When I start the driver for the first time, everything is ok. But when I want to
restart it, problems begin. The driver fails to read Report descriptor for the
second time (libusb_open is used to open the device). This is caused by my
particular UPS model's allergy. I can read the Report descriptor only once and
only before reading any "special" string descriptors. After that I can do
everything else without troubles. But if I attempt to read it after reading
string descriptors than everything stops working (string descriptors too). So I
have to reset UPS...
This works perfectly under Windows, as the Report descriptor is retrieved only
once - by the OS. Program that drives UPS doesn't do it.
So the solution is simple: not to retrieve any HID descriptors as I don't need
them and they cause problems. But I think the best time to determine whether to
retrieve HID stuff or not is while device matching is performed. There could be
other devices and subdrivers that need these things. My solution is to reserve
some value that a matcher can return indicating that we don't need HID. For
example, 2. I looked through other drivers that use libusb_open, and their
matchers all return 1. (If I'm not right, please, tell me). So this decision
wouldn't affect other drivers. Also I want to note that any matcher should be
able to prevent retrieving HID descriptors.
libusb_open has already everything that is needed. If the "mode" variable is set
to MODE_REOPEN then HID descriptors aren't retrieved. So the simpliest thing is
to change it:
--- libusb.c (revision 799)
+++ libusb.c (working copy)
@@ -180,7 +180,7 @@
} else if (ret==-2) {
upsdebugx(2, "matcher: unspecified error");
goto next_device;
- }
+ } else if (ret==2) mode = MODE_REOPEN;
}
upsdebugx(2, "Device matches");
This change is enough, it doesn't affect other drivers and IMHO it makes
libusb_open more generic. Of course, some comments should also be there.
2. "UPS No Ack" problem.
I also have a solution for the problem of the "UPS No Ack" answers.
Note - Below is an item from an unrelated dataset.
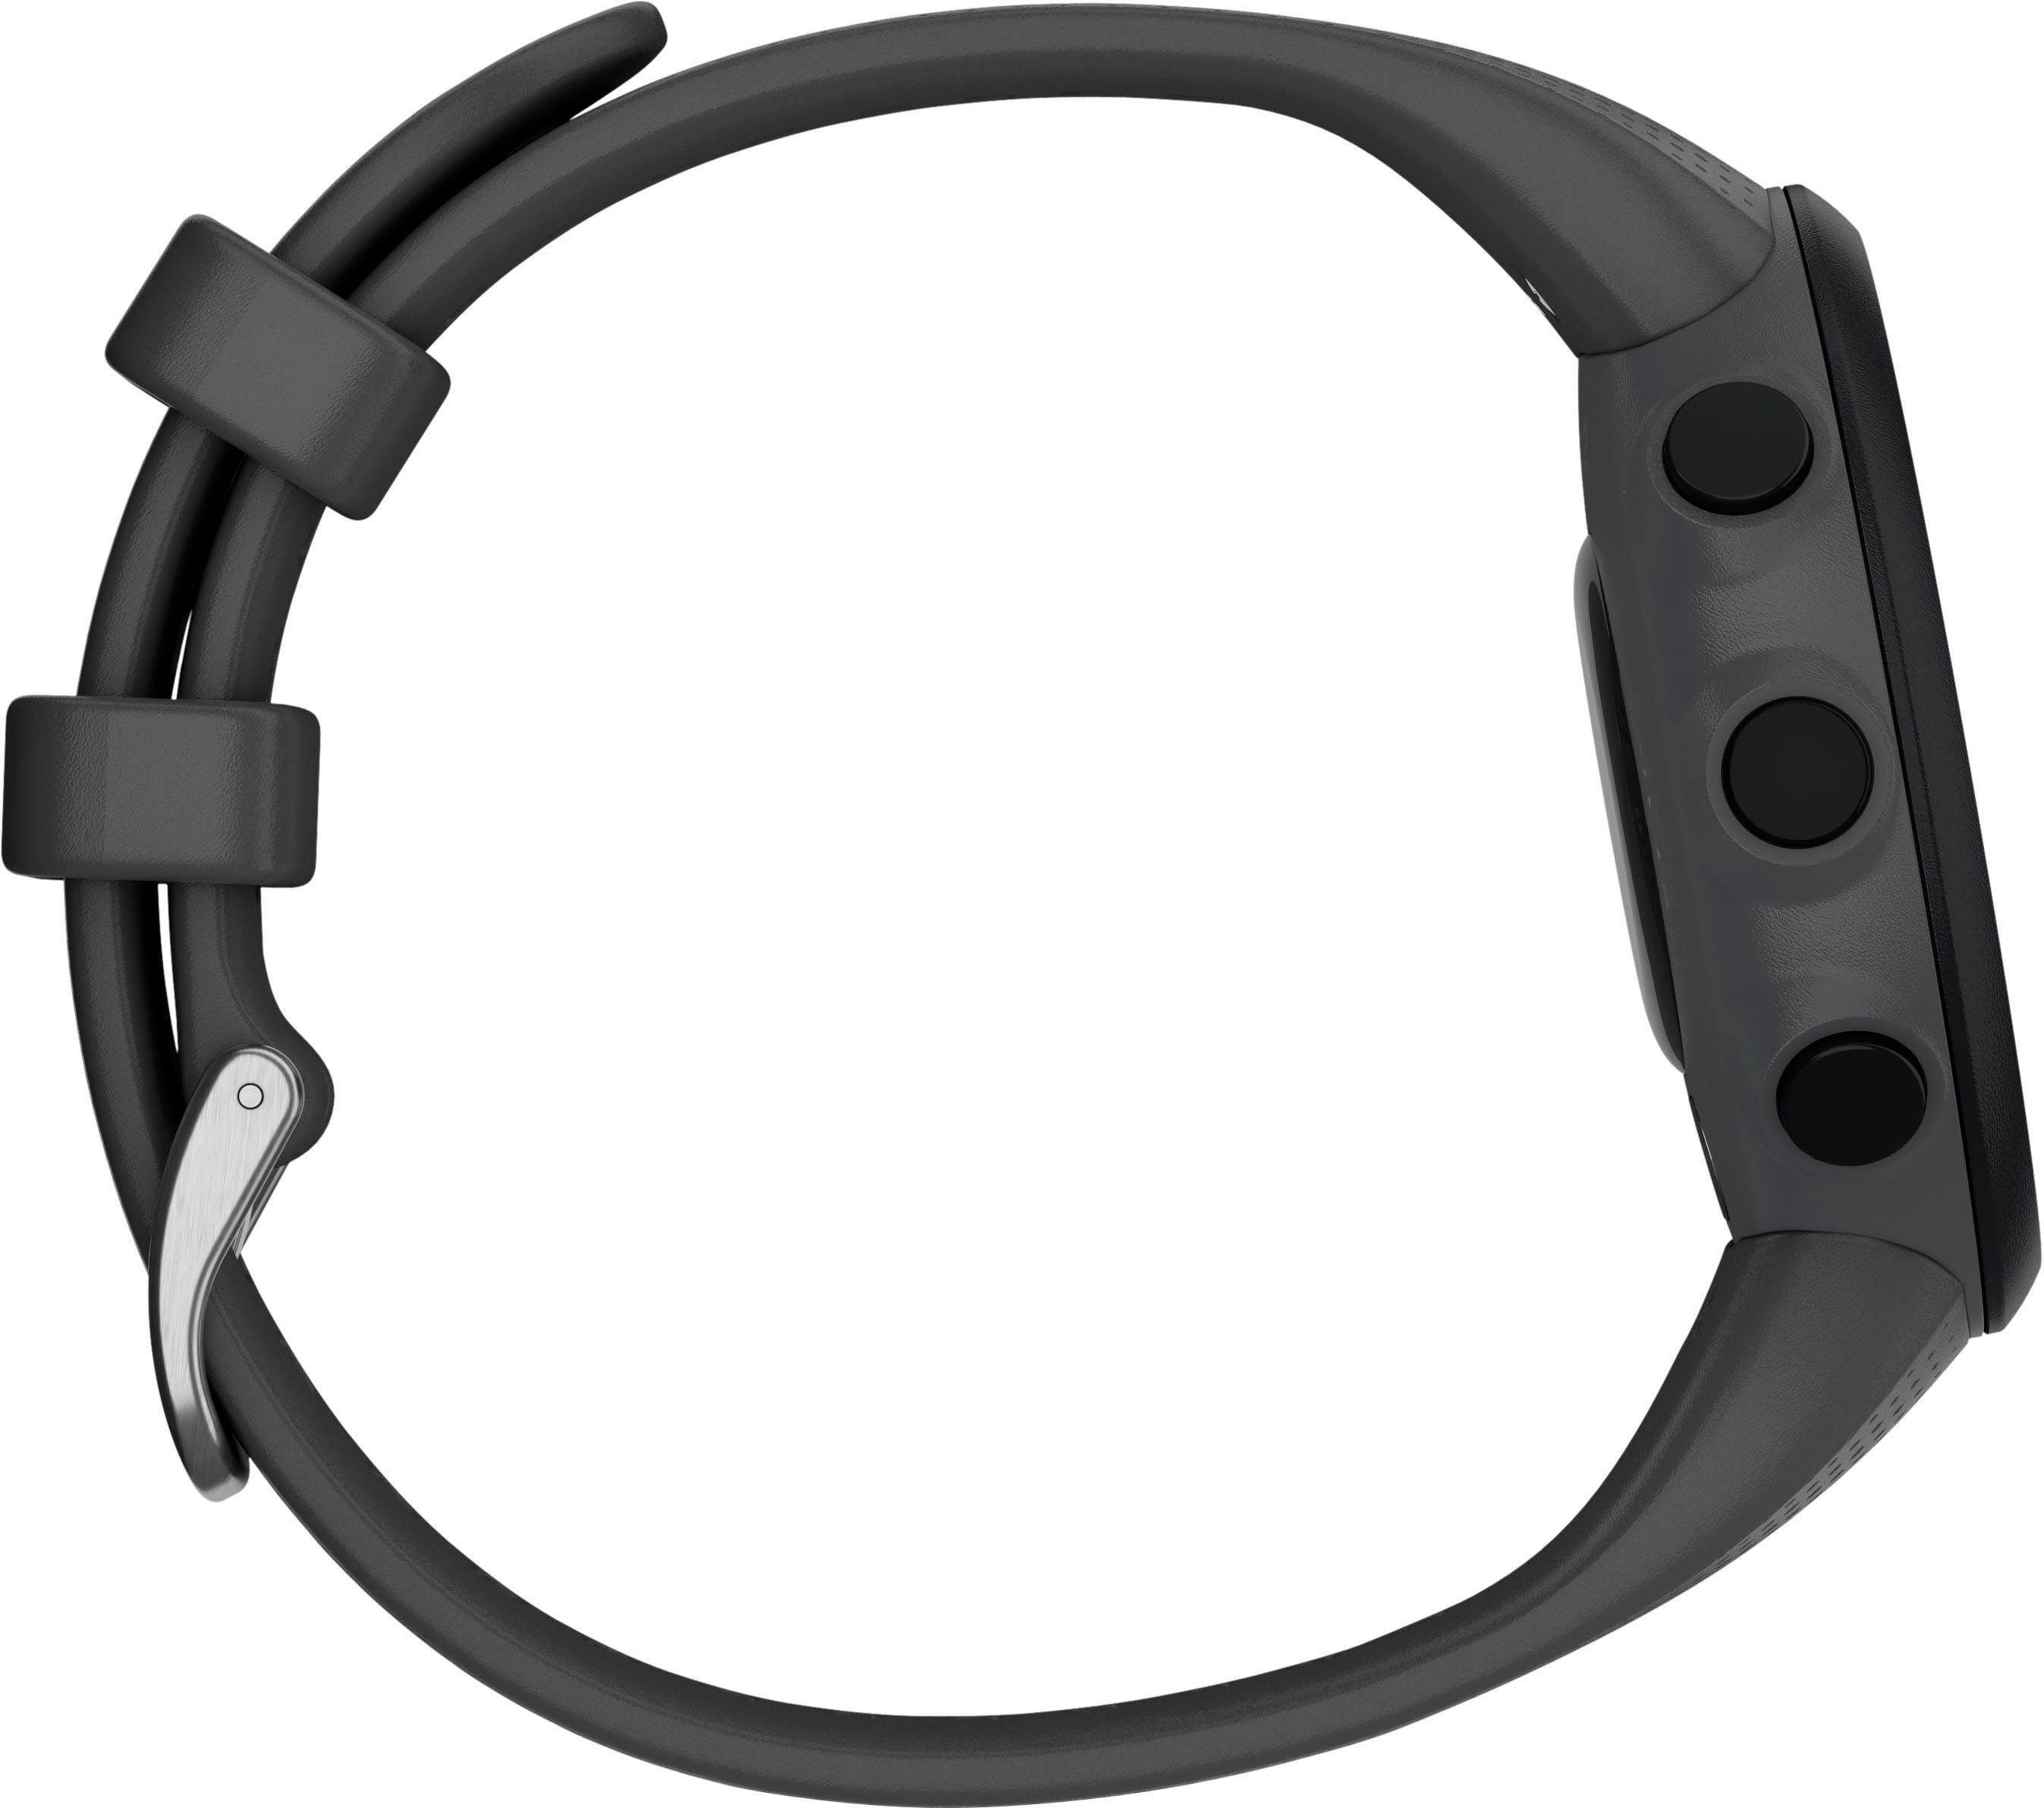 Garmin Swim2 mit Silikon-Armband 20 mm Smartwatch (2,63 cm/1,04 Zoll),  Standby-Akkulaufzeit bis zu 7 Tage, mit GPS Akkulaufzeit bis 13 Stunden

The problem: when I do "informative" requests (Q1, I, F - descriptors 0x3, 0xc
and 0xd respectively) I sometimes get non-usual responses - "UPS No Ack". So the
data gets stale rather often. By the way, this is the only thing I get when
doing "non-informative" requests.
Example:
tornado:/home/alex/development/nut/tools# ./get_descriptor 002 003 1 0 0 0x81 3 3
Bus 002 device 003 configuration 1 interface 0 altsetting 0 endpoint 129 descriptor 0x03 index 3:
60 03 28 00 32 00 31 00 37 00 2e 00 30 00 20 00 31 00 36 00 35 00 2e 00
30 00 20 00 32 00 31 00 37 00 2e 00 30 00 20 00 30 00 30 00 30 00 20 00
35 00 30 00 2e 00 30 00 20 00 31 00 33 00 2e 00 34 00 20 00 30 00 30 00
2e 00 30 00 20 00 30 00 30 00 30 00 30 00 31 00 30 00 30 00 30 00 0d 00
`.(.2.1.7...0. .1.6.5...0. .2.1.7...0. .0.0.0. .5.0...0. .1.3...4. .0.0.
..0. .0.0.0.0.1.0.0.0...
tornado:/home/alex/development/nut/tools# ./get_descriptor 002 003 1 0 0 0x81 3 3
Bus 002 device 003 configuration 1 interface 0 altsetting 0 endpoint 129 descriptor 0x03 index 3:
16 03 55 00 50 00 53 00 20 00 4e 00 6f 00 20 00 41 00 63 00 6b 00
..U.P.S. .N.o. .A.c.k.
As you see, the program doesn't report errors. So this is not a USB transfer
error. It should be an internal UPS issue. I think, my UPS is serial internaly
but uses some custom hack that enables USB communication. But sometimes this
mechanism fails because of the bad design or some other things. There is another
fact in support of this theory: if I power off the UPS its USB stuff continues
to work. It behaves quite the same but the only data I can get from these
"special" string descriptors is "UPS No Ack"! So, I think, the custom
serial-over-USB hardware is USB-powered but it fails to read data from the
serial part since the latter is powered off.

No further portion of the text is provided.